Working the night shift on the moon
July 17, 2013
By Bob Silberg
NASA's Jet Propulsion Laboratory
There’s never a cloudy day on the moon. It’s flooded with sunshine 24/7 during its two-week-long daytime, so it makes sense to use solar energy to power future lunar rovers and other devices. But each lunar day is followed by two weeks of lunar night, and that means a long stretch of downtime after the sun sets.
It can be an advanced battery, a fuel cell system, or even a flywheel of some sort as long as it meets the requirements set forth in the challenge’s rules. Any individual, group or company not receiving federal funds for projects related to energy storage is eligible to compete (other than from countries on the State Department’s Designated Countries list), but only U.S. citizens can receive the prize money.
The Night Rover Challenge is the latest in a series of NASA competitions called the “Centennial Challenges.” The program began in 2003, the 100th anniversary of the Wright Brothers’ first powered flight. Since then, NASA has awarded more than $6 million to 15 different teams in a variety of competitions.
The pull of the prize
For each challenge, NASA partners with a nonprofit organization to administer the contest. The Cleantech Open, a nonprofit dedicated to advancing green technologies, is handling the job for the Night Rover Challenge. They are likely to incur hundreds of thousands of dollars in expenses that they cannot recoup from NASA, so why have they volunteered to do it?

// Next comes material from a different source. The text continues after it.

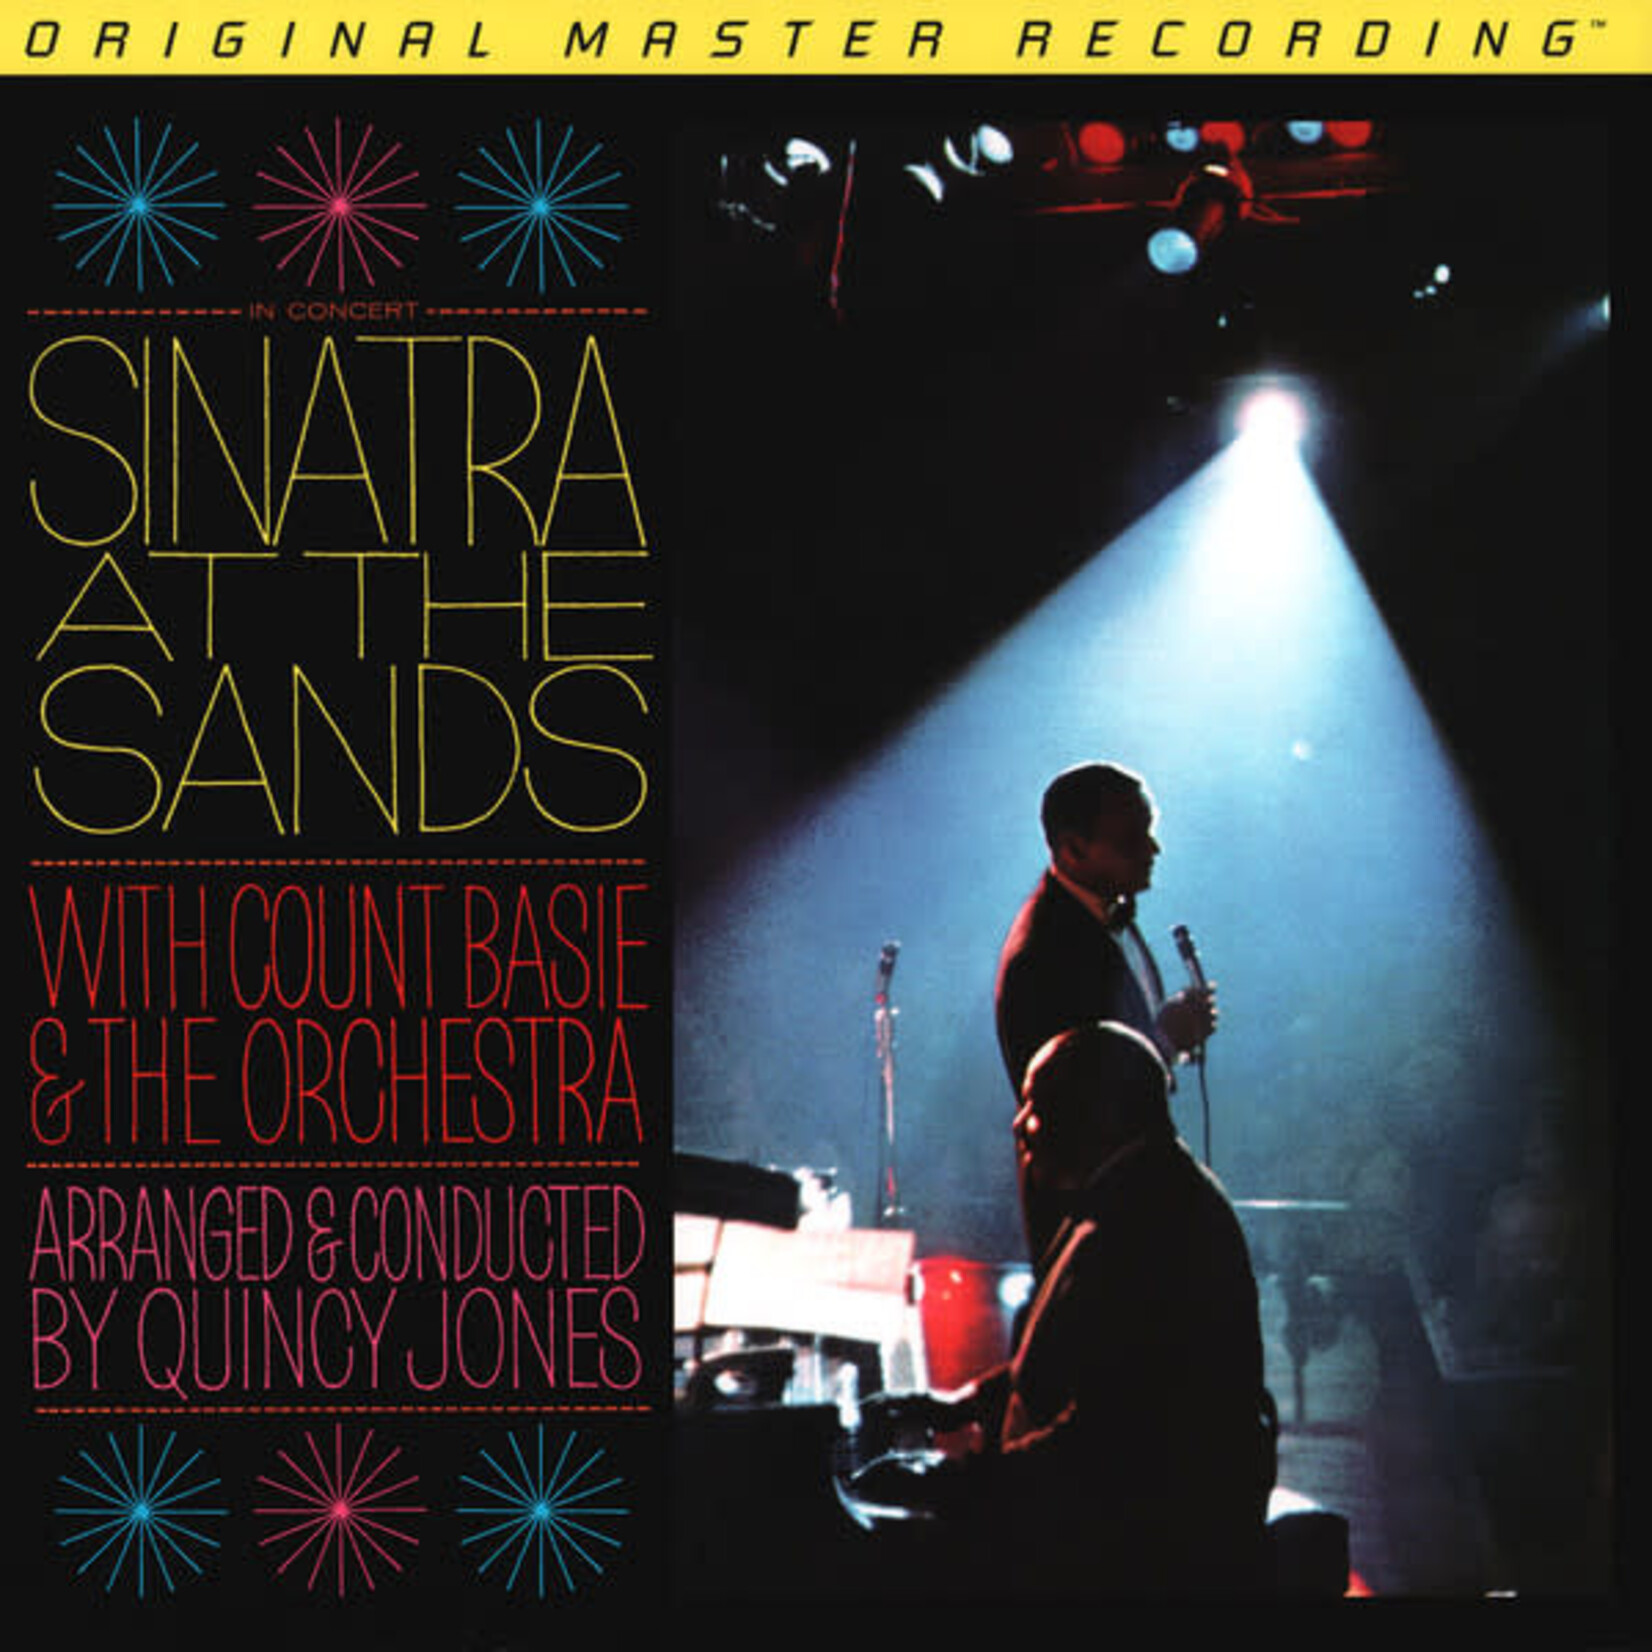 Sinatra, Frank: Live at the Sands (2010 Mobile Fidelity, Audiophile) [KOLLECTIBLES]

“For all of our challenges,” said Sam Ortega, program manager of NASA’s Centennial Challenges, “we make sure that not only can the technology be infused into NASA, but there also needs to be a back-end market. It would be very difficult to run a competition where a competitor didn’t see an opportunity to create a company and make money outside of NASA. In some cases, we’ve had people who didn’t even make it to the competition, but went off and formed a company and are creating products to sell.”
The deadline to register for the Night Rover Challenge is October 25, 2013. Trials will begin in January 2014, with results to be announced the following spring. But Ortega doesn’t anticipate announcing a winner at that point. “We don’t ever expect anybody to win a competition the very first time we offer it,” he said. “We set the bar pretty high and it usually takes two to three years or more to complete a competition.”
Power beaming and green flight
In 2005, for example, NASA issued the Power Beaming Challenge, in which participants were invited to develop a way to transmit power wirelessly to a “space elevator.” Ultimately, such technology could enable an elevator to climb a cable until it left the atmosphere behind and reached a geostationary space station. For the competition, participants used lasers to energize a small elevator climbing a cable that dangled from a helicopter. Nobody succeeded that first year, so NASA repeated the challenge until a winner emerged in 2009.
“We really want our challenges to be very challenging, very difficult -- really stretch and develop some revolutionary technology,” Ortega said. “So we are always looking for ideas that are a little bit out there.”
The Green Flight Challenge, which ran from 2009 to 2011, is a good example. Competitors were asked to design and demonstrate aircraft that get 200 passenger miles per gallon of fuel or equivalent, while at the same time significantly reducing the aircraft’s noise level. “We were really kind of laughed out of the technology sector for general aviation,” Ortega said. “We were told that it was impossible and we were crazy for trying.” But the challenge had the last laugh. Two of the competitors produced twice the required efficiency, achieving about 400 passenger miles per gallon.
Ortega finds that competitions like these spark ingenious solutions to difficult problems. “We are highly focused on attracting citizen inventors,” he said. “Generally competitors are compelled to find the least expensive solution to a problem, and so they’re going to find technologies that already exist and apply them in a different manner than they’ve ever been used before.
" We really want our challenges to be very challenging, very difficult — really stretch and develop some revolutionary technology. "
- Sam Ortega, program manager of NASA’s Centennial Challenges
“A lot of times it’s the most elegant and simple solutions that win the competitions,” he said. “People do the forehead slap: ‘Why didn't we think of that?’ ”
When someone collects the prize money for the Night Rover Challenge by demonstrating the required energy-storage capability at ordinary Earth-based temperature and pressure, NASA will issue Phase 2 of the challenge: demonstrate the technology in vacuum and at the far more demanding temperatures found on the lunar surface.